AVS 46th International Symposium
    Surface Science Division Wednesday Sessions
       Session SS3+EM-WeM

Paper SS3+EM-WeM2
Si Surface Passivation: Si(111):GaSe versus Si(111):As

Wednesday, October 27, 1999, 8:40 am, Room 604

Session: Surface Electronic Structure
Presenter: A. Bostwick, University of Washington
Authors: A. Bostwick, University of Washington
S. Meng, University of Washington
B.R. Schroeder, University of Washington
E. Rotenberg, Lawrence Berkeley National Laboratory
F.S. Ohuchi, University of Washington
M.A. Olmstead, University of Washington
Correspondent: Click to Email
Heteroepitaxy on Si(111)7x7 requires removal of the deep reconstruction and accompanying dangling bonds. One way to passivate the Si(111) surface and remove the reconstruction is exposure to As, forming Si(111):As 1x1.@footnote 1@ The initial chemisorption of GeSe on Si(111)7x7 surfaces also results in a nearly ideally terminated 1x1 surface, quite similar to Si(111):As. Ga and Se occupy bulk Si sites, with Ga directly above Si (T1 site) and Se forming three back-bonds to Ga (H3 site). This (1x1) structure is the same as half a bulk GaSe layer, and initiates GaSe heteroepitaxy on Si(111).
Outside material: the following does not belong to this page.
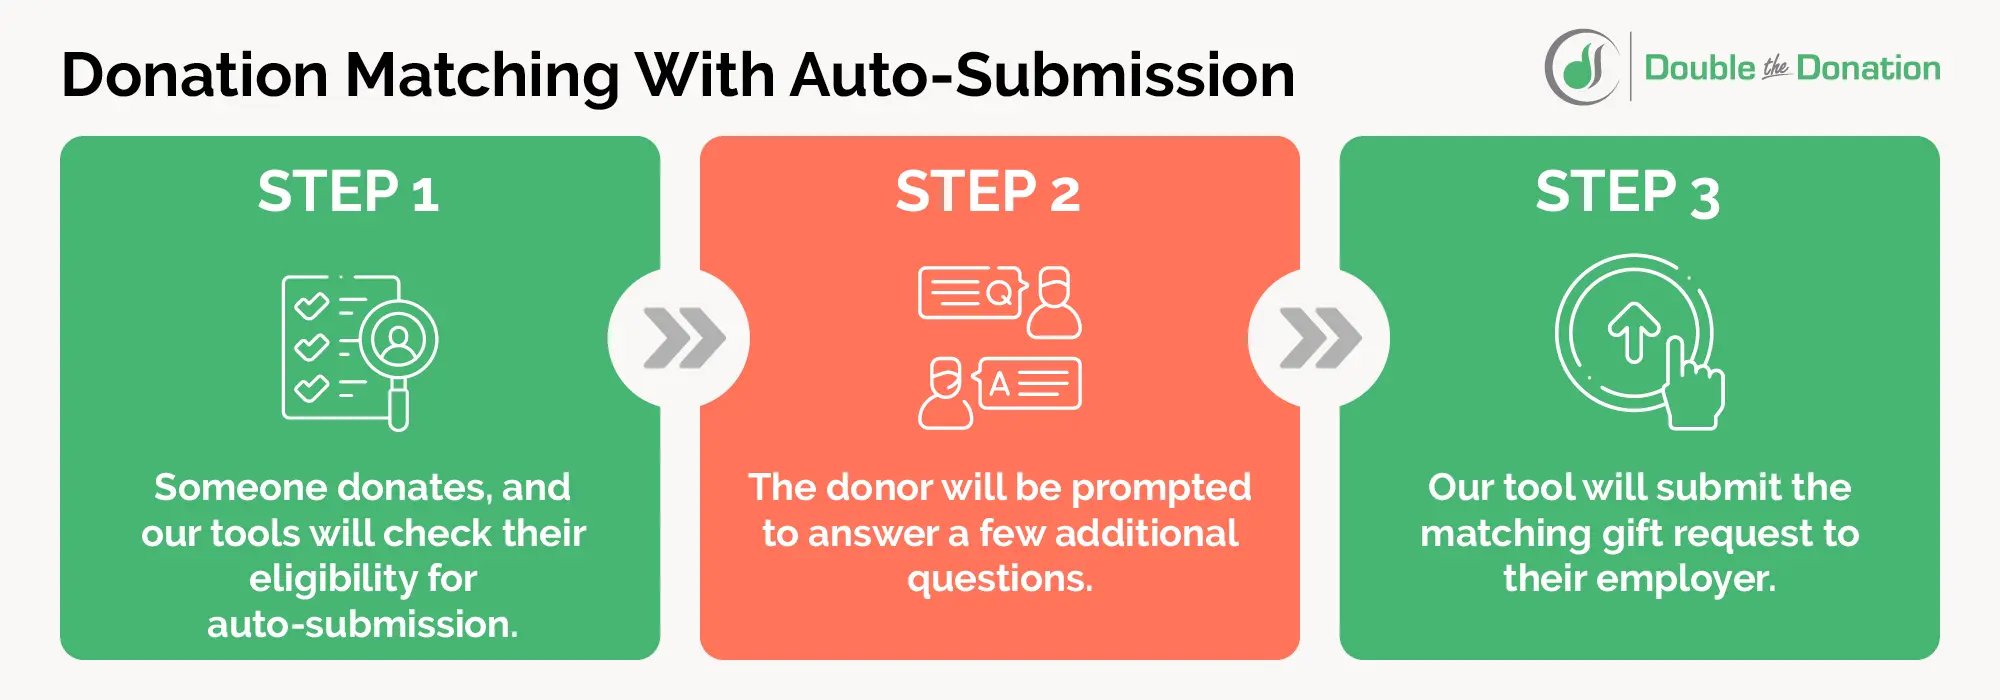 This graphic breaks down the donation matching process when using auto-submission tools.

The very small (less than 0.1 eV) Si 2p core level shift shows the interface silicon to be in a bulk-like environment with minimal charge transfer, in contrast to As terminated silicon (0.75 eV shift). Electron counting arguments predict a lone-pair state on the Si(111):GaSe 1x1 surface, very similar to the As case. We observe such a state with angle-resolved ultraviolet photoemission spectroscopy. It has a similar E(k) dispersion to Si(111):As, though a somewhat larger bandwidth. We find a second surface state between this lone-pair state and the first bulk state, which we attribute to Ga-Se bonds. In addition, the zone-center bulk state, degenerate in bulk Si, is split by about 0.5 eV. This surprising result is not found for Si(111):As. We tentatively attribute the splitting to the Si-Ga interaction. @FootnoteText@ M. A. Olmstead, R. D. Bringans, R. I. G. Urhberg and R. Z. Bachrach, Phys. Rev. B 34, 6401 (1986).